Problem to work on ▸ The listing below should be printed exactly, every line of it. Skip the pictures.

Collected material ▸
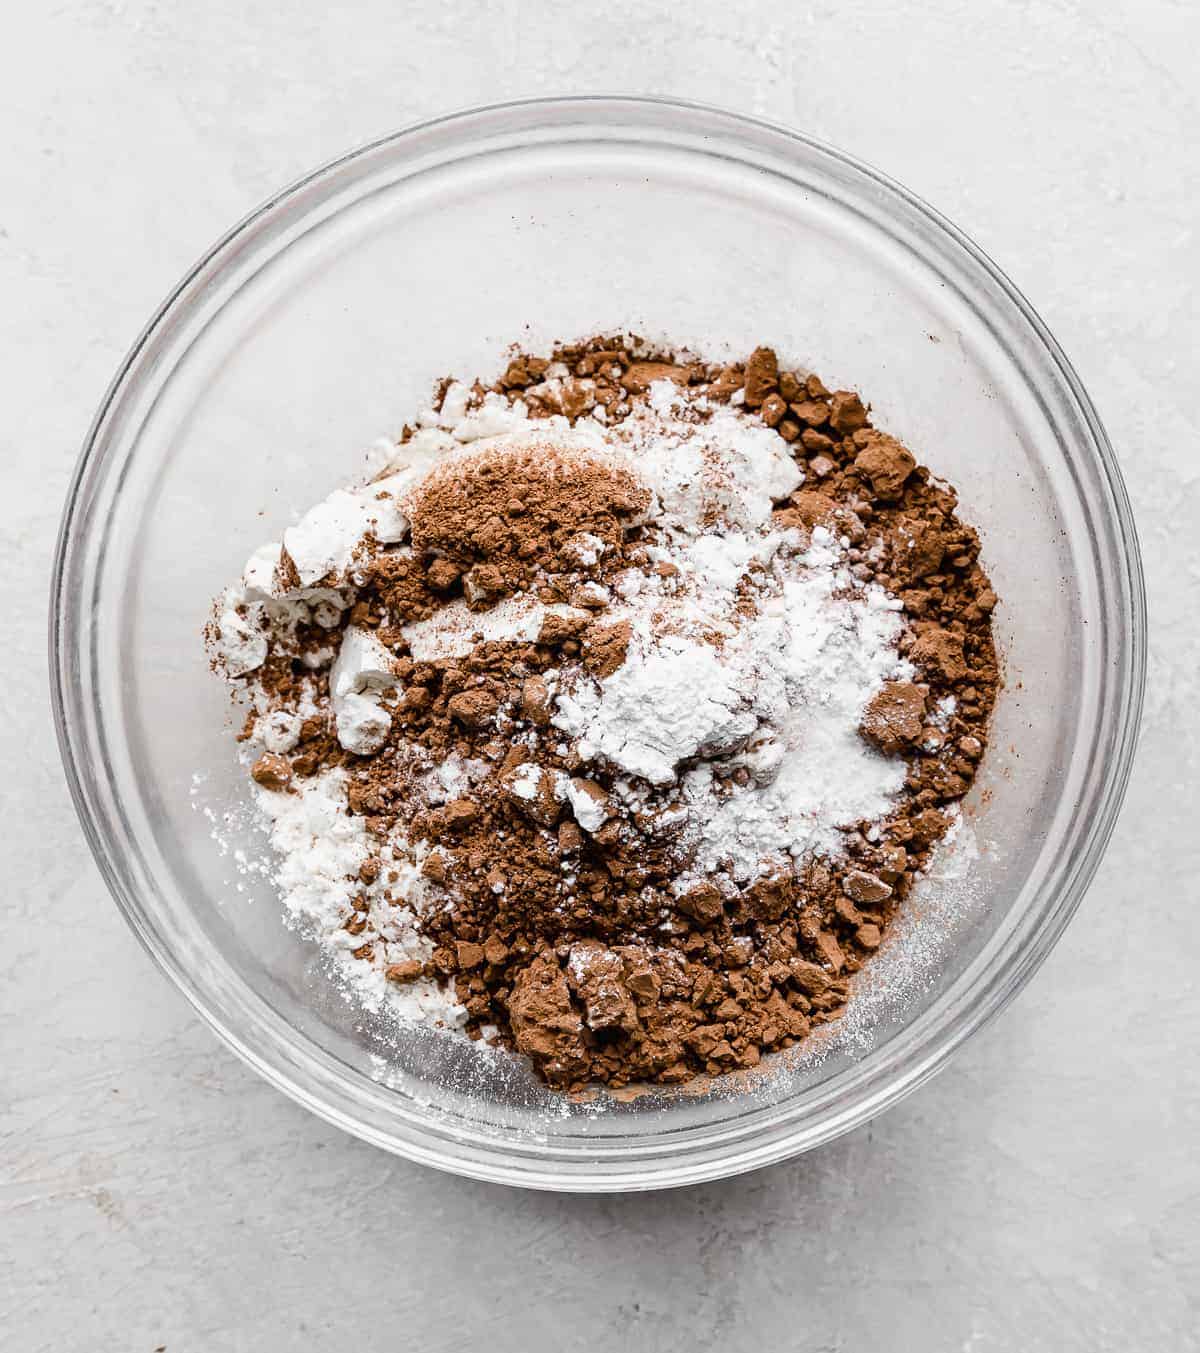 The dry ingredients for making Chocolate Doughnuts in a glass bowl.
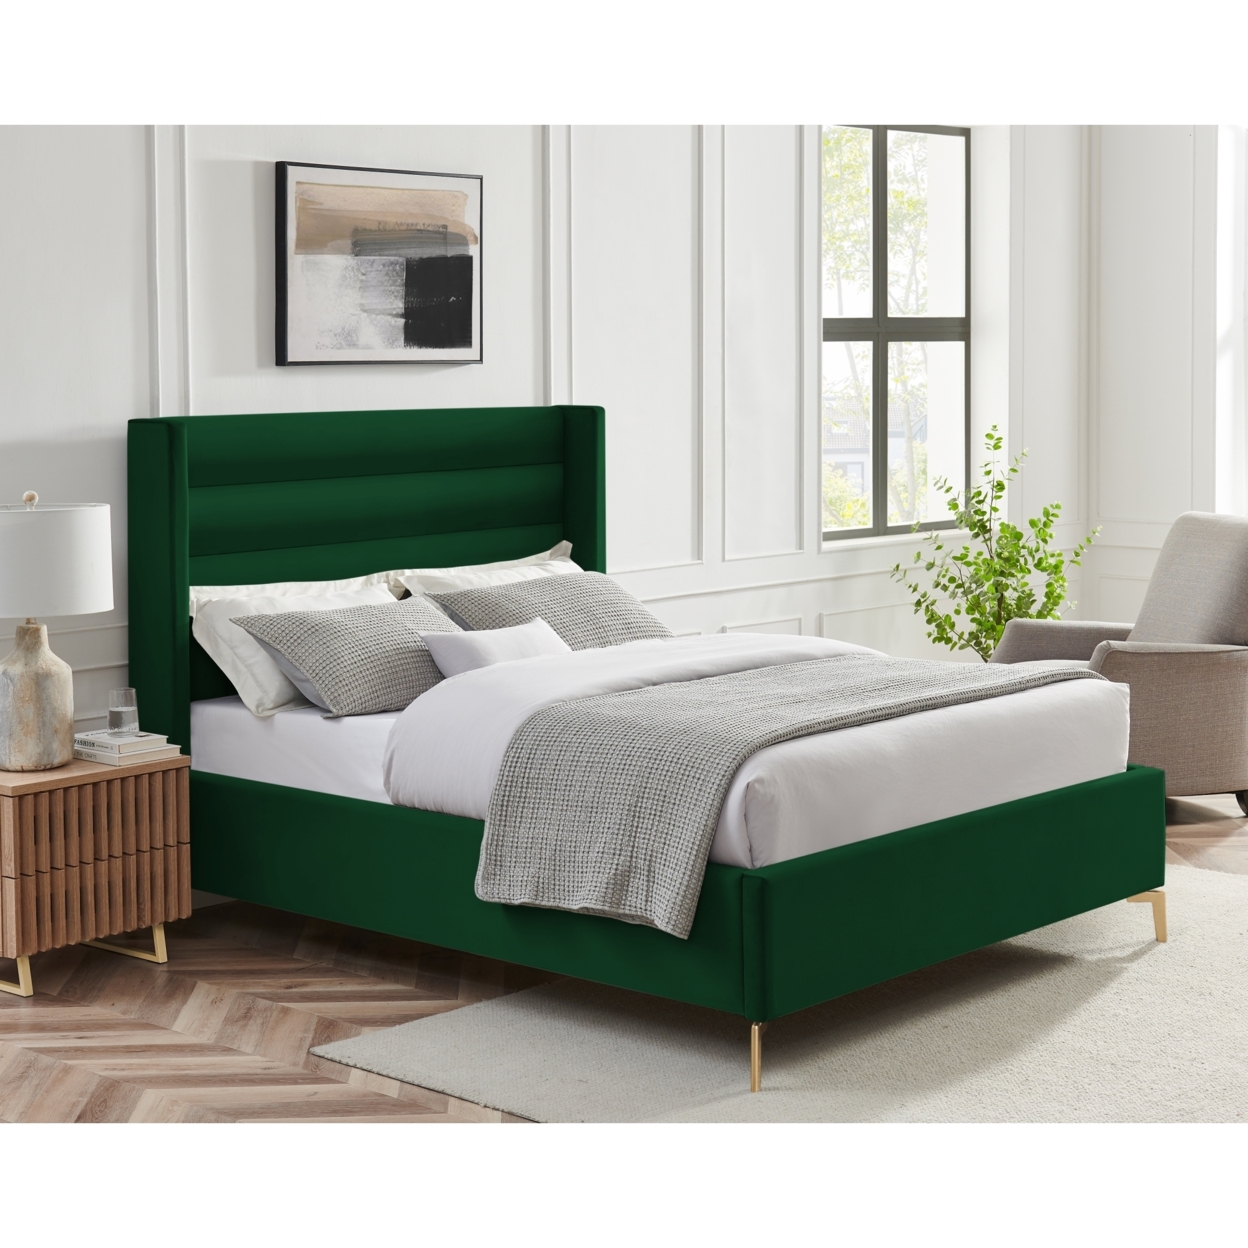 Rayce Bed -Velvet Upholstered, Wingback Channel Tufted Headboard, Oblique Legs, Slats Included - Green, Queen
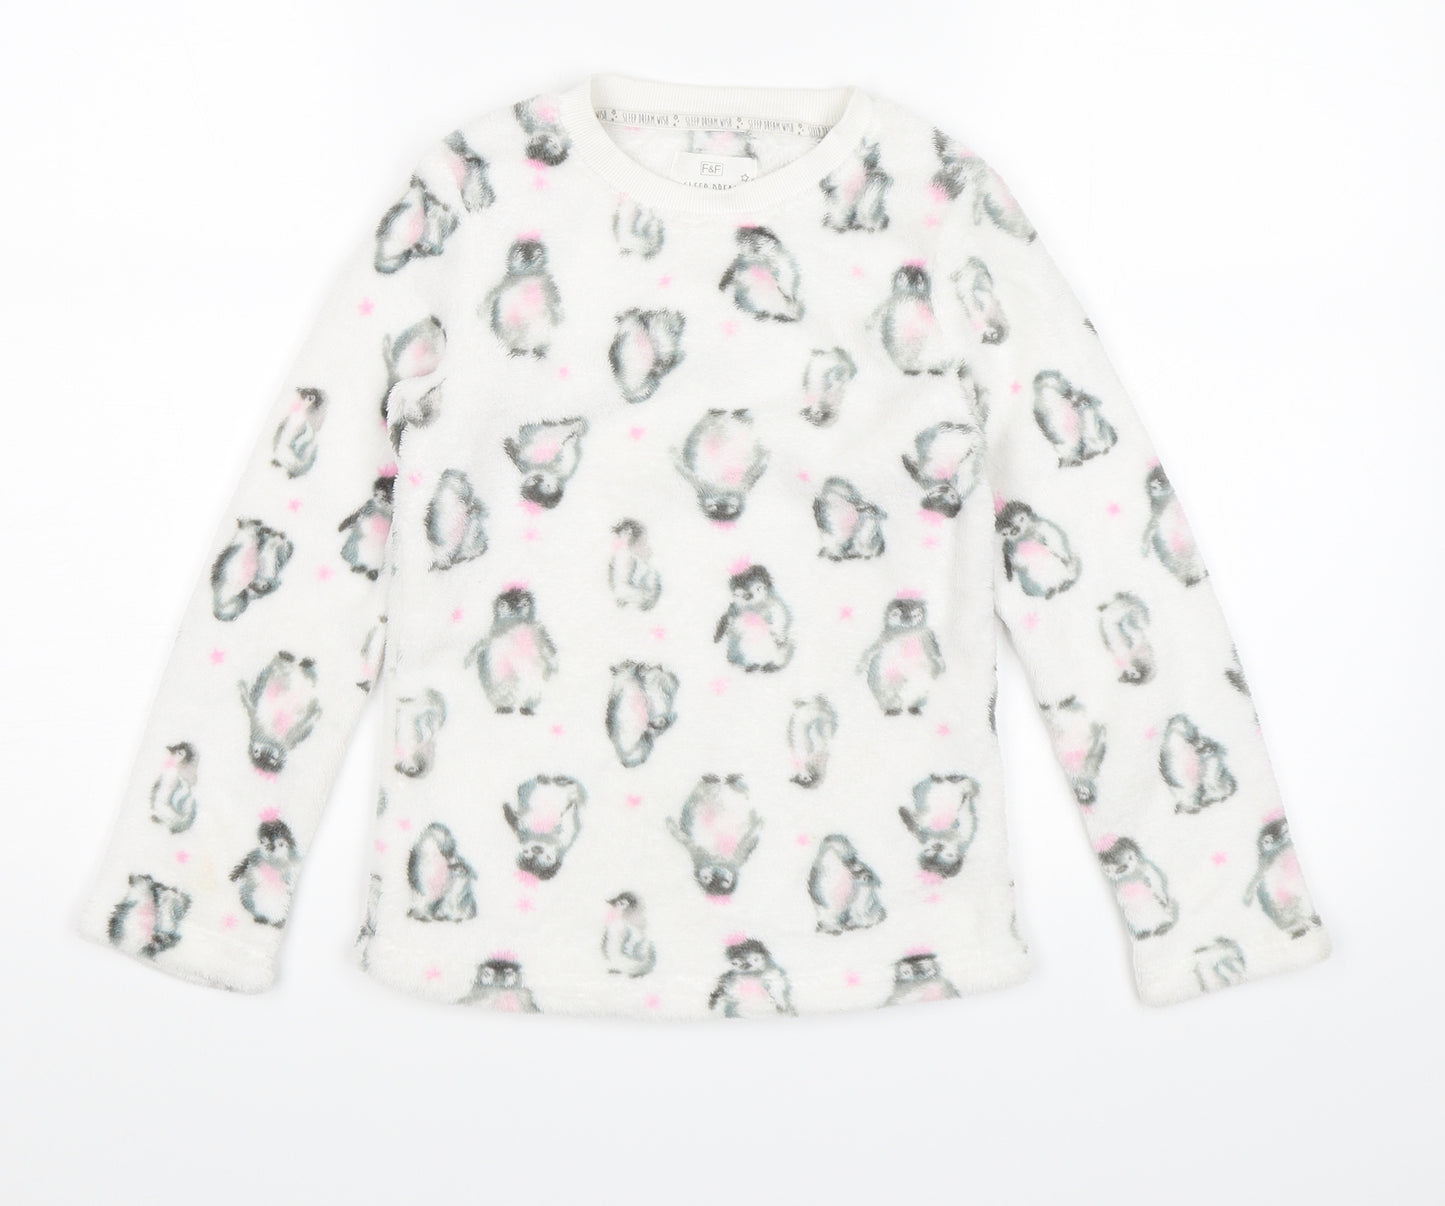 F&F Girls White Solid  Top Pyjama Top Size 8-9 Years  - Penguins
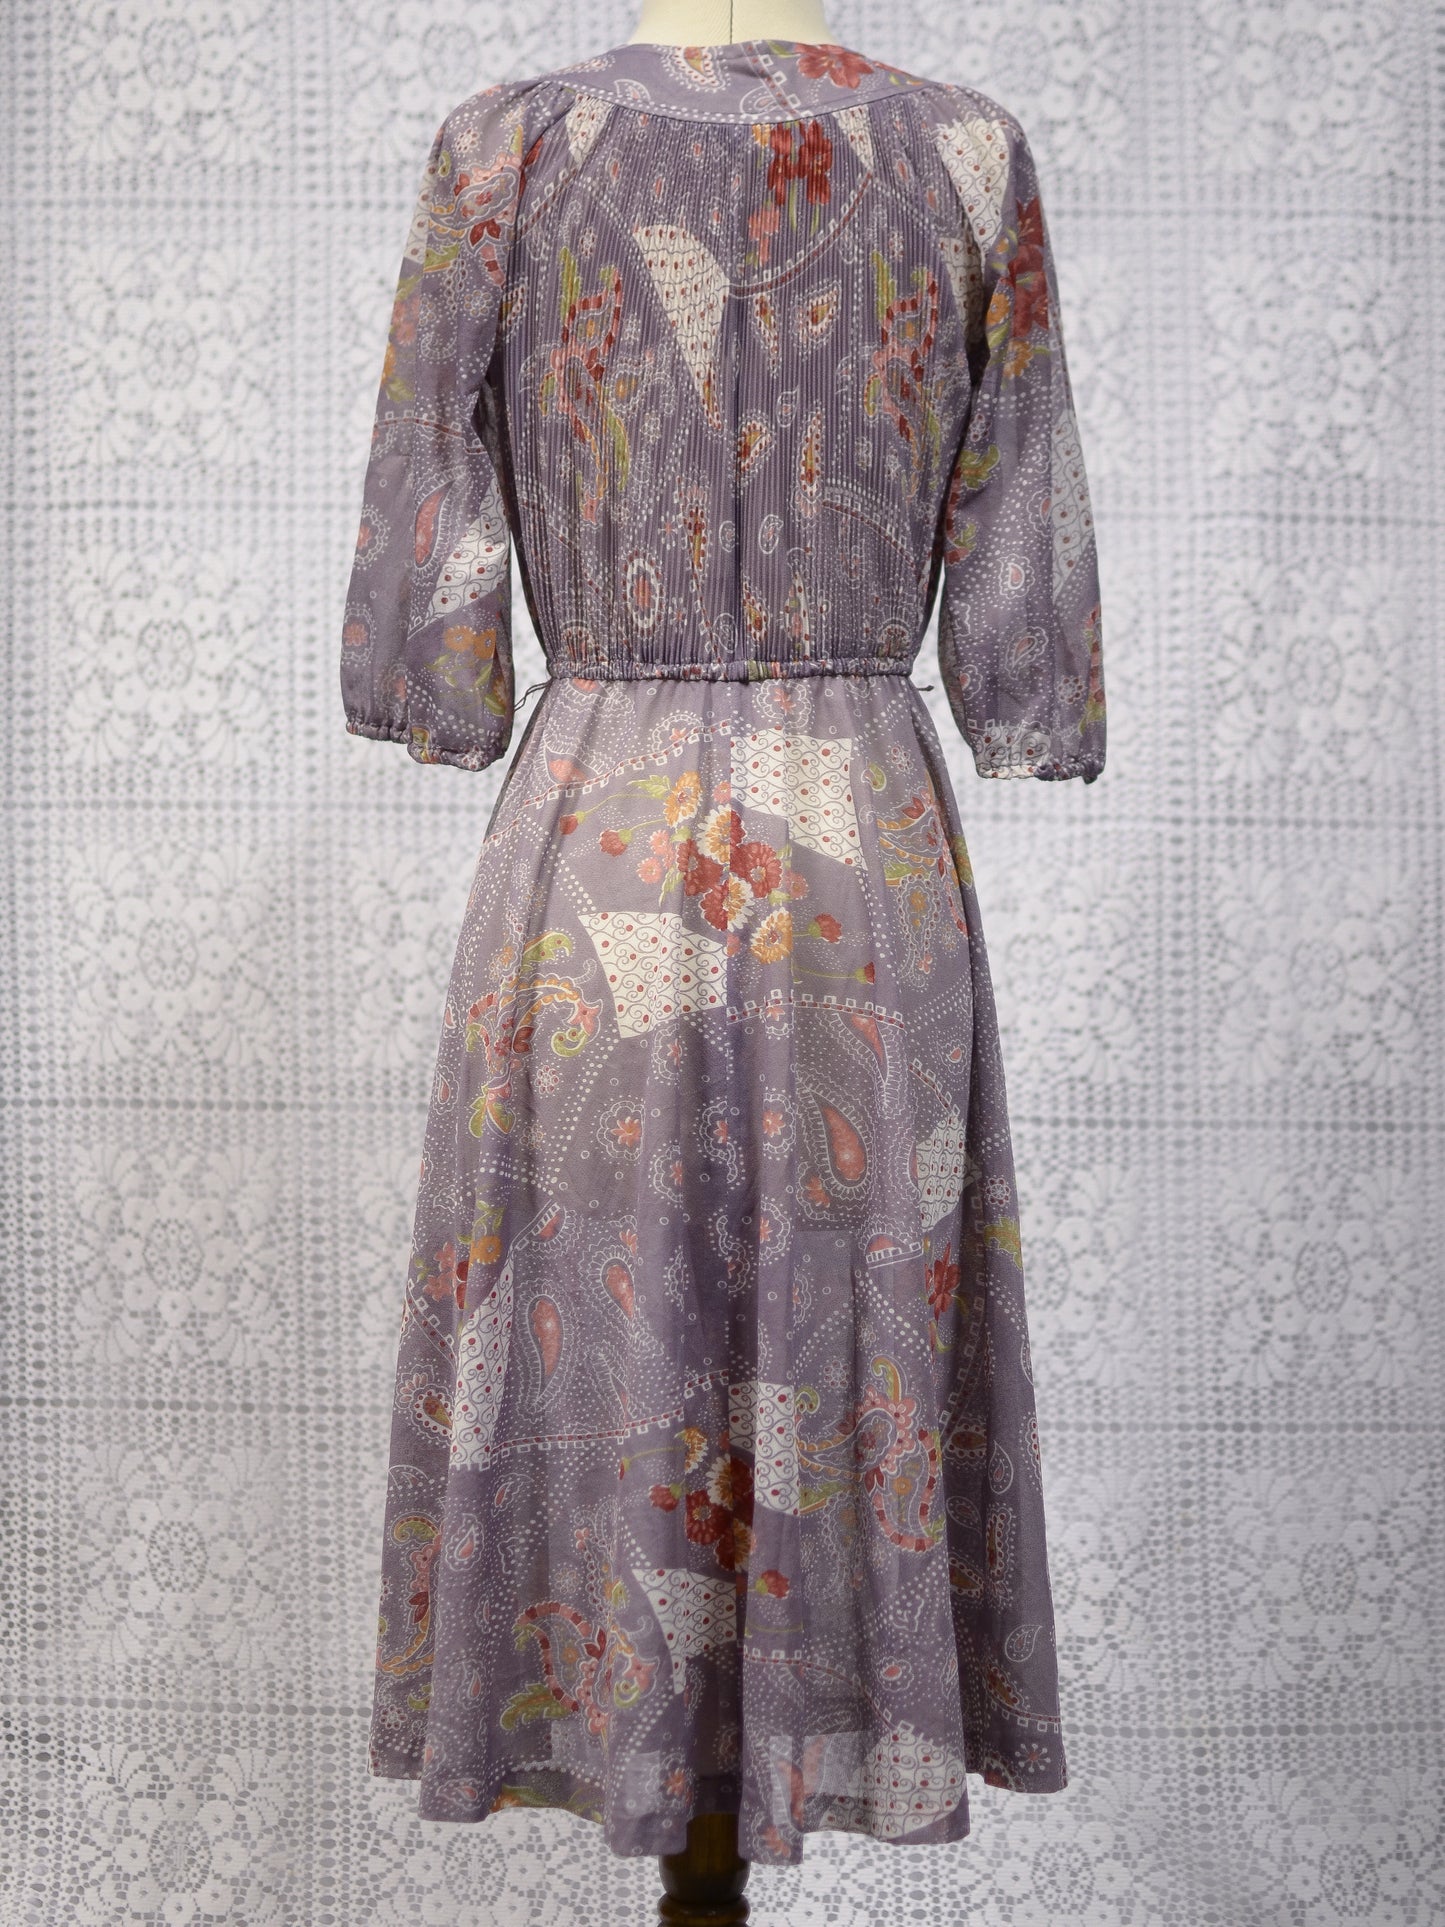 1970s light purple and brown patterned 3/4 length sleeve midi dress

Answer space ▸
 The dry ingredients for making Chocolate Doughnuts in a glass bowl.
 Rayce Bed -Velvet Upholstered, Wingback Channel Tufted Headboard, Oblique Legs, Slats Included - Green, Queen
 F&F Girls White Solid  Top Pyjama Top Size 8-9 Years  - Penguins
 1970s light purple and brown patterned 3/4 length sleeve midi dress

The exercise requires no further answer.